Autre sujet de mobilisation, l'appel solennel des Libanais-e-s avant-hier, capture d'écran. « Nous sommes tous toi. Comme ça serait beau de porter le voile, ne serait-ce que pour une journée, par respect pour toi et en reconnaissance de ce que tu as enduré. » Tout ça parce qu’une femme voilée qui voulait couper le principal axe routier de Beyrouth, le Ring, s’est fait insulter par un homme de la brigade anti-émeute. La députée était outrée. « La révolution est une femme libanaise, au temps rétrograde de la masculinité et de l’ignorance ». Indépendamment de ce qu'il a dit au juste, incompréhensible d'ailleurs, toute généralisation à partir d’un fait divers est stupide, surtout s’elle a une motivation populiste !
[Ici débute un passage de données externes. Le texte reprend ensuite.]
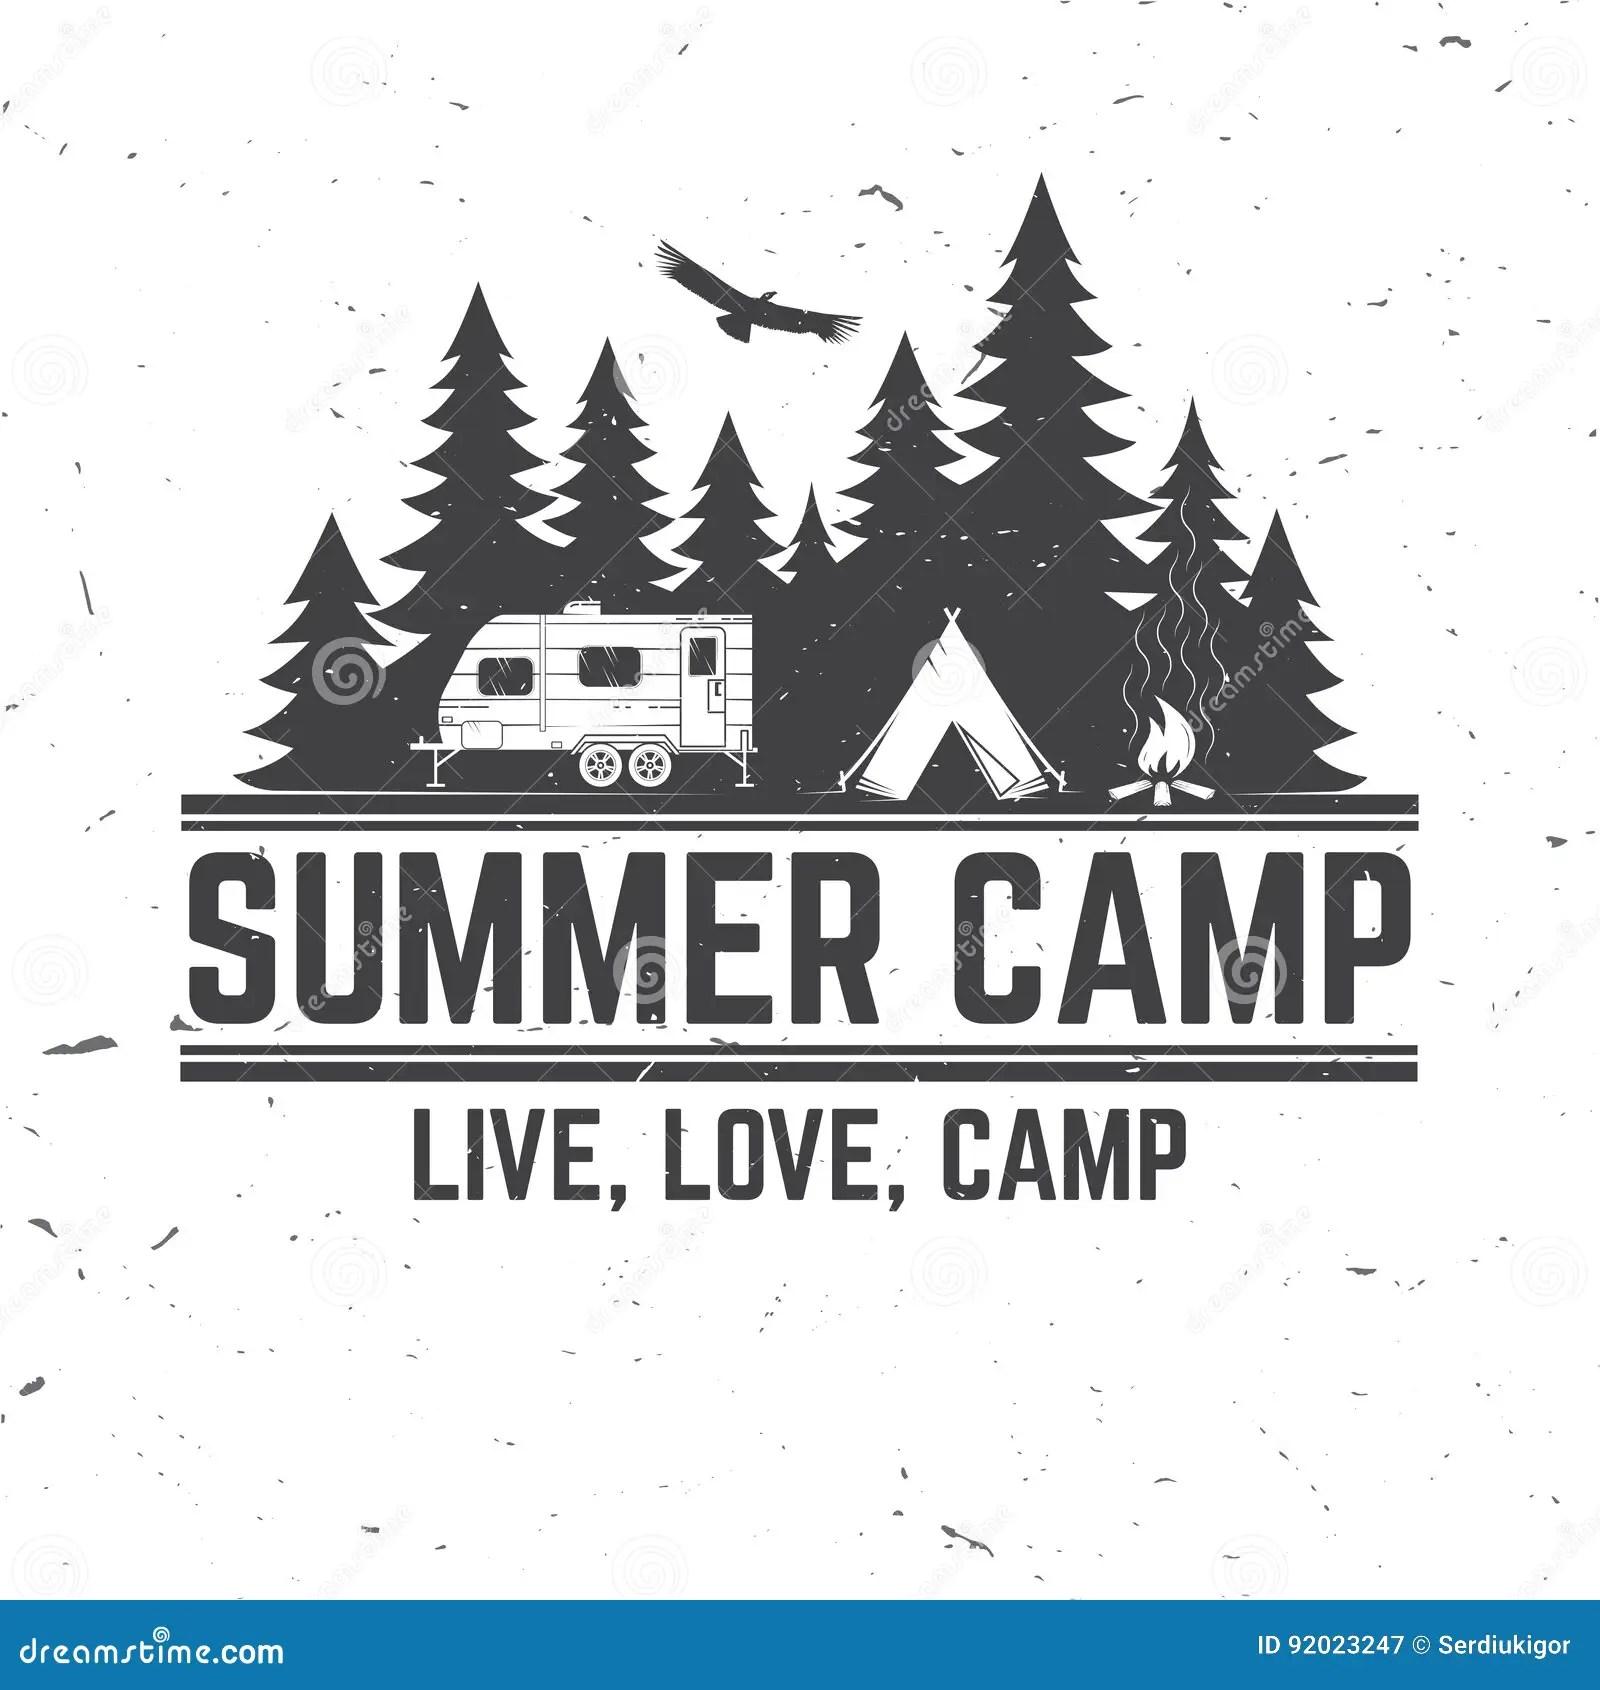 Summer Camp Vector Illustration Concept For Shirt Or

Enfin bref, à part qu’elle manque d’authenticité, Paula Yacoubian semble prendre le Parlement libanais pour une ONG et confondre son métier de députée avec les activités d’une jeune militante ! Je ne sais pas trop ce que vous en pensez les ami-e-s, mais je crois que députée ou militante, ce n’est pas pareil, ni le même prix ni le même coût ni le même salaire. S’il n’y a qu’une réforme à faire passer au pays du Cèdre et une seule, ça serait celle-ci : que chacun fasse son boulot, consciencieusement, et les vaches seront bien gardées au Liban. Mais justement, comment la faire passer ? 😋
PS : Le métier de député ne consiste pas à faire de la poésie et de la prose ou de l’élevage et de l’agriculture -version moderne, branchée, revue et corrigée des mariages et des enterrements des députés de jadis!- encore moins à déposer des projets de loi, plus ou moins utile et plus ou moins bâclé, sans tenir compte de leur chance d’aboutir et d’être adoptés ! Ça serait trop facile et chèrement payé.